Search code examples
python-3.xlemmatization

Lemmatization of words using spacy and nltk not giving correct lemma


I want to get the lemmatized words of the words in list given below:

(eg)

words = ['Funnier','Funniest','mightiest','tighter']

When I do spacy,

import spacy
nlp = spacy.load('en')
words = ['Funnier','Funniest','mightiest','tighter','biggify']
doc = spacy.tokens.Doc(nlp.vocab, words=words)
for items in doc:
    print(items.lemma_)

I got the lemmas like:

Funnier
Funniest
mighty
tight 

When I go for nltk WordNetLemmatizer

from nltk.stem import WordNetLemmatizer 
lemmatizer = WordNetLemmatizer() 
words = ['Funnier','Funniest','mightiest','tighter','biggify']
for token in words:
    print(token + ' --> ' +  lemmatizer.lemmatize(token))

I got:

Funnier : Funnier
Funniest : Funniest
mightiest : mightiest
tighter : tighter

Anyone help for this.

Thanks.


Solution

  • Lemmatisation is totally dependent on the part of speech tag that you are using while getting the lemma of the particular word.

    # Define the sentence to be lemmatized
    sentence = "The striped bats are hanging on their feet for best"
    
    # Tokenize: Split the sentence into words
    word_list = nltk.word_tokenize(sentence)
    print(word_list)
    #> ['The', 'striped', 'bats', 'are', 'hanging', 'on', 'their', 'feet', 'for', 'best']
    
    # Lemmatize list of words and join
    lemmatized_output = ' '.join([lemmatizer.lemmatize(w) for w in word_list])
    print(lemmatized_output)
    #> The striped bat are hanging on their foot for best
    

    The above code is a simple example of how to use the wordnet lemmatizer on words and sentences.

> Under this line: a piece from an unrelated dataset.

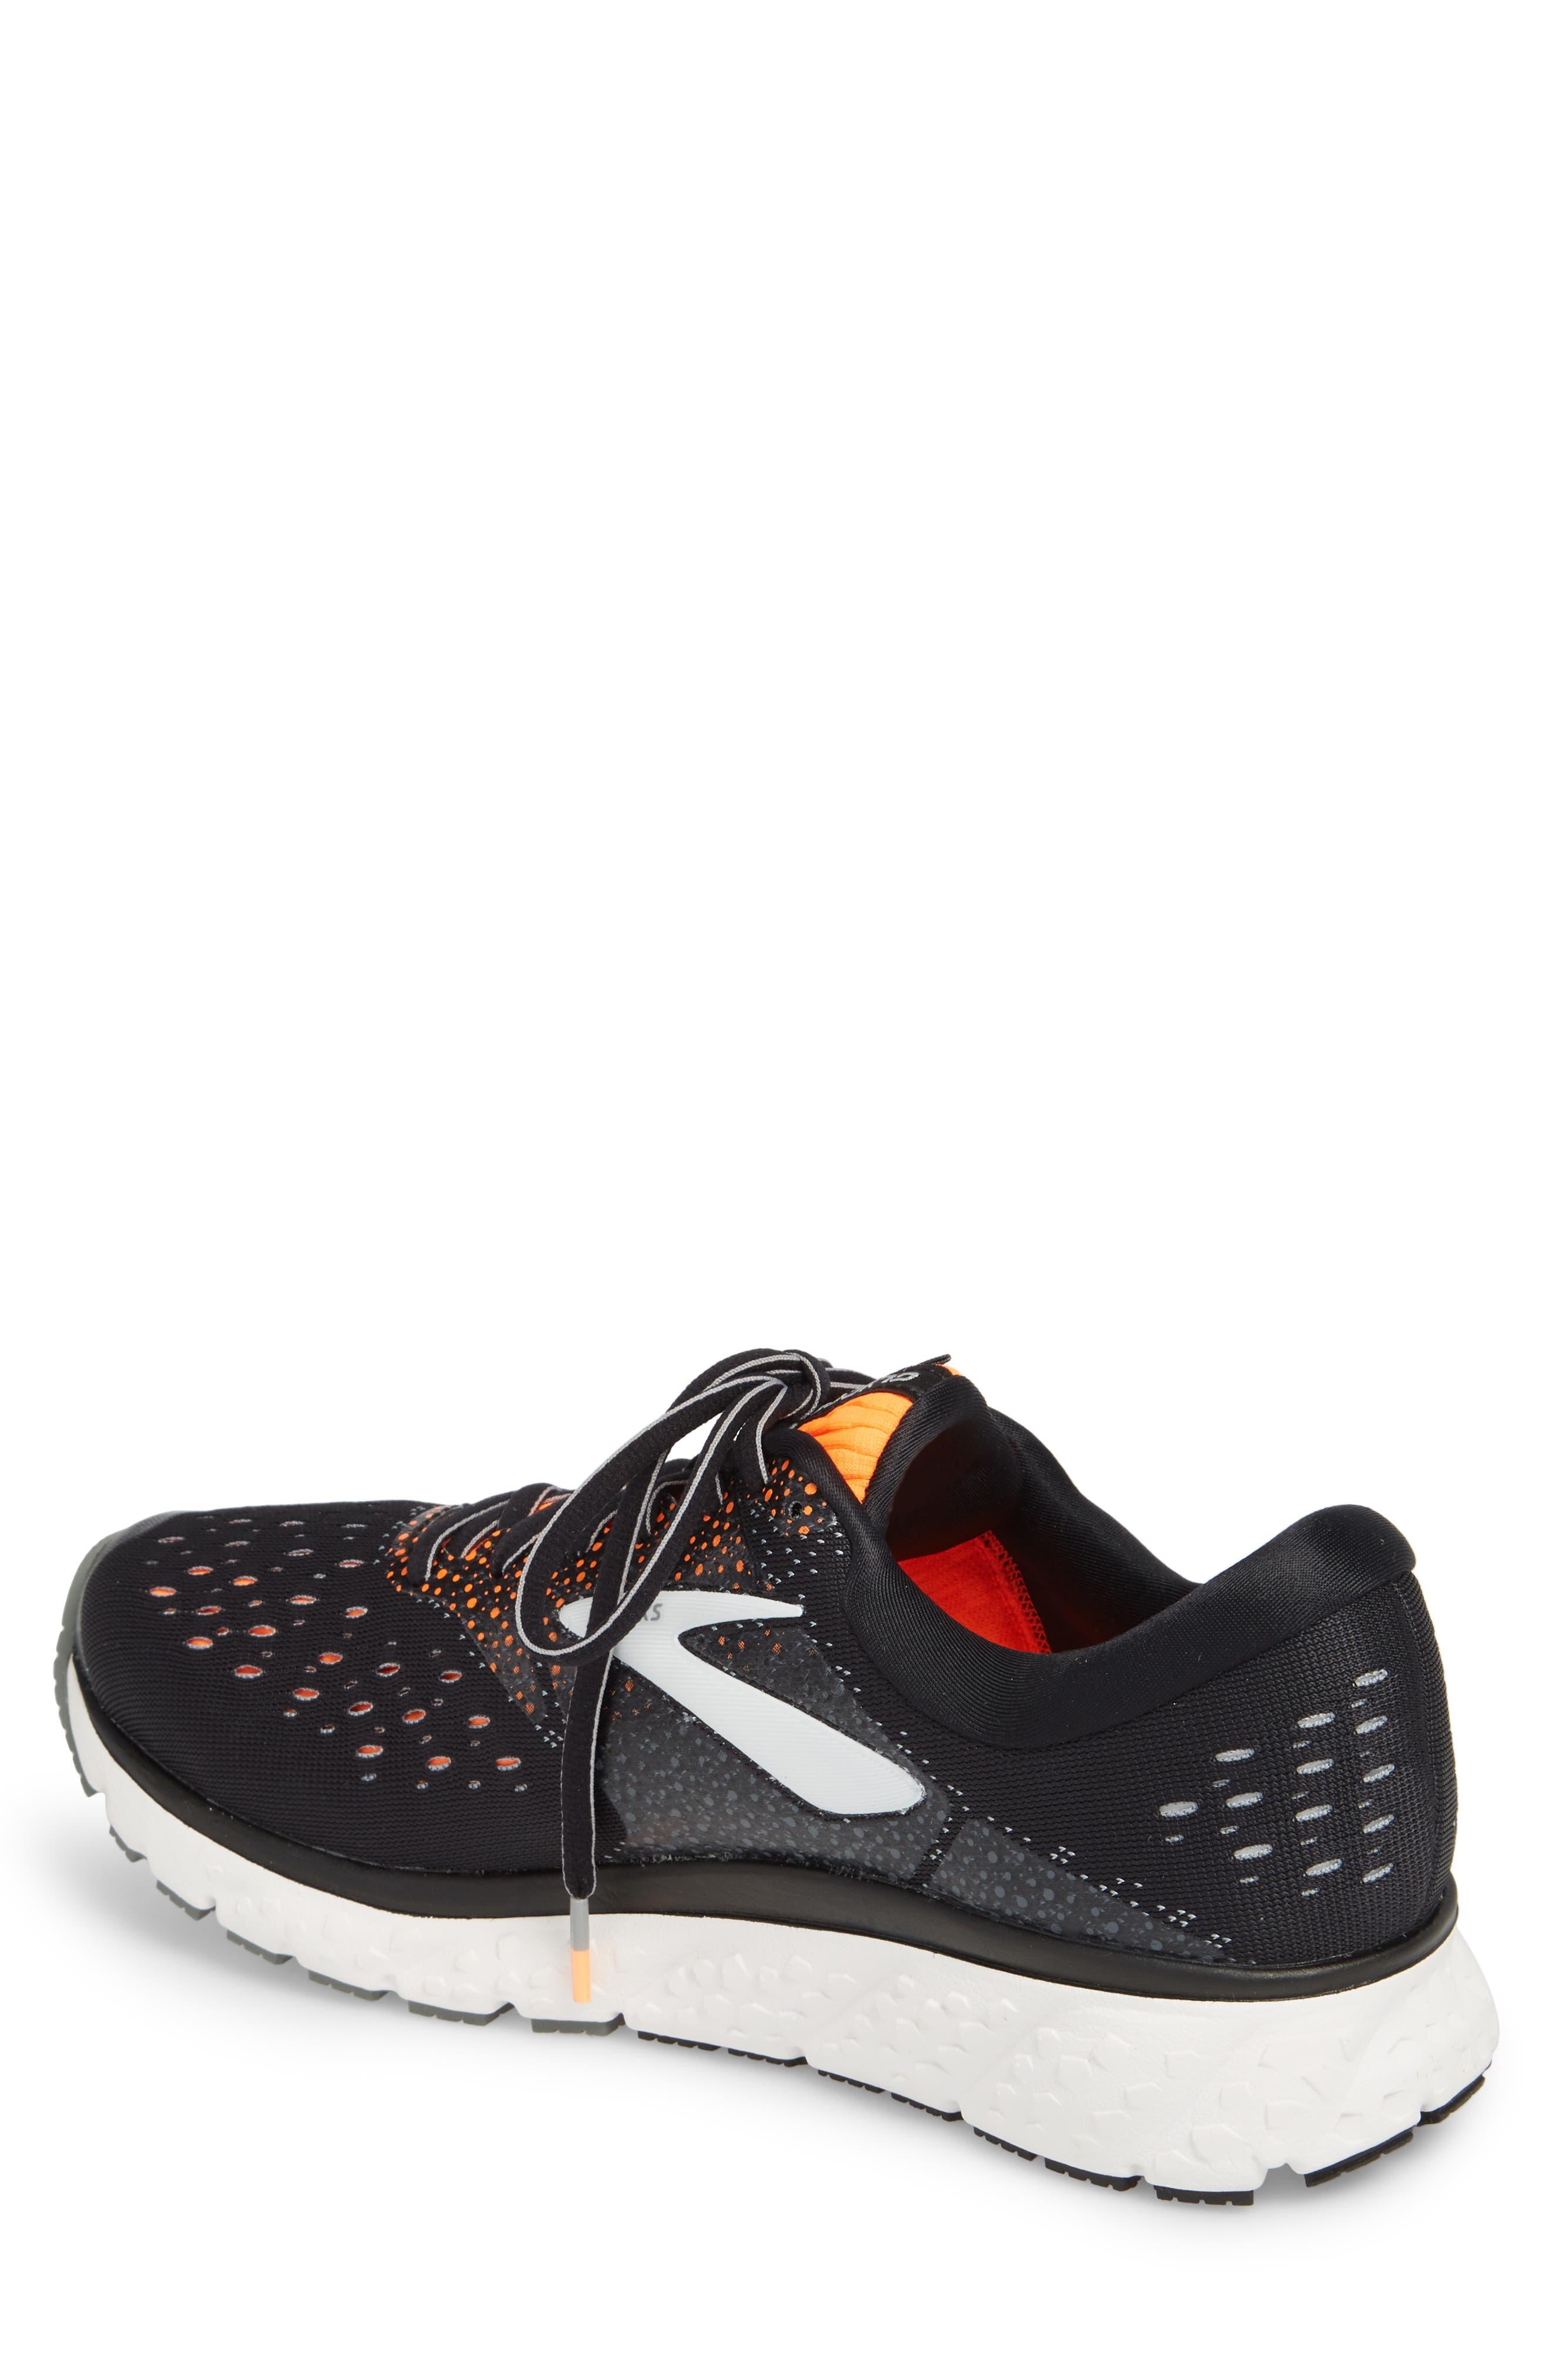 Glycerin 16 Running Shoe,                             Alternate thumbnail 2, color,                             BLACK/ ORANGE/ GREY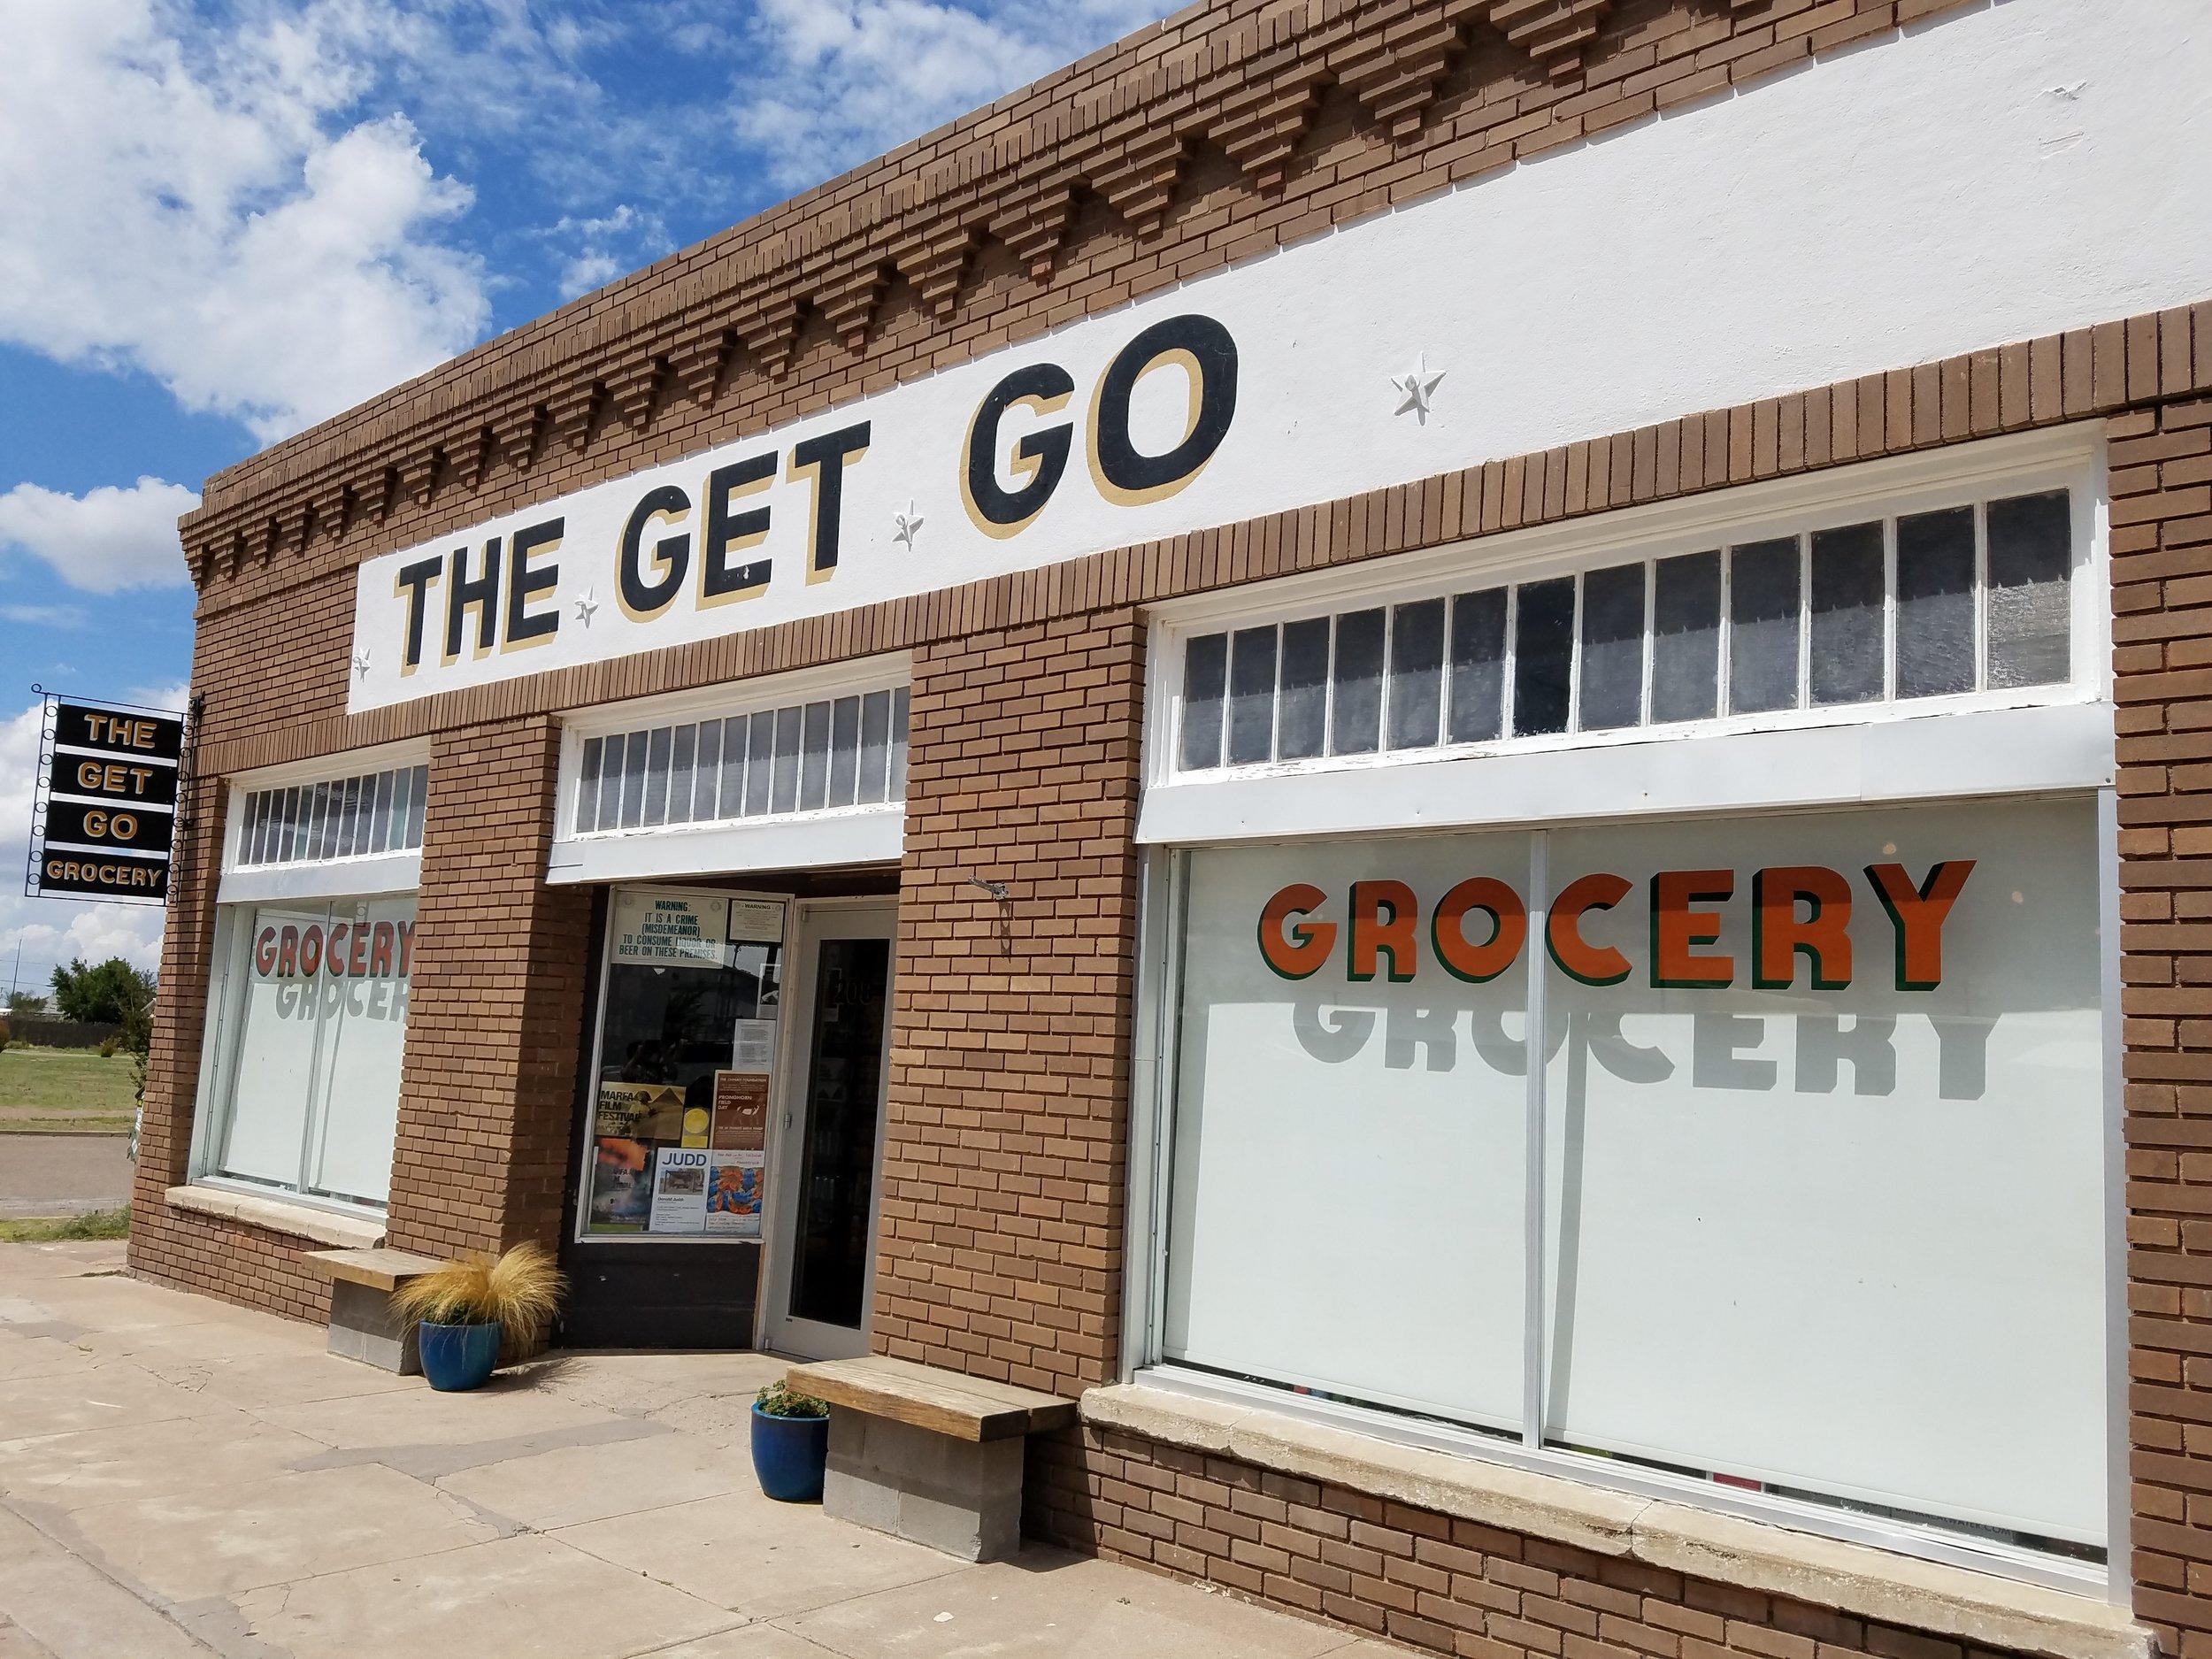 Marfa, Texas grocery.

    Notice it didn’t do a good job. Because, ‘are’ is not converted to ‘be’ and ‘hanging’ is not converted to ‘hang’ as expected. This can be corrected if we provide the correct ‘part-of-speech’ tag (POS tag) as the second argument to lemmatize().

    Sometimes, the same word can have a multiple lemmas based on the meaning / context.

    print(lemmatizer.lemmatize("stripes", 'v'))  
    #> strip
    
    print(lemmatizer.lemmatize("stripes", 'n'))  
    #> stripe
    

    For the above example(), specify the corresponding pos tag:

    from nltk.stem import WordNetLemmatizer 
    lemmatizer = WordNetLemmatizer() 
    words = ['Funnier','Funniest','mightiest','tighter','biggify']
    for token in words:
        print(token + ' --> ' +  lemmatizer.lemmatize(token, wordnet.ADJ_SAT))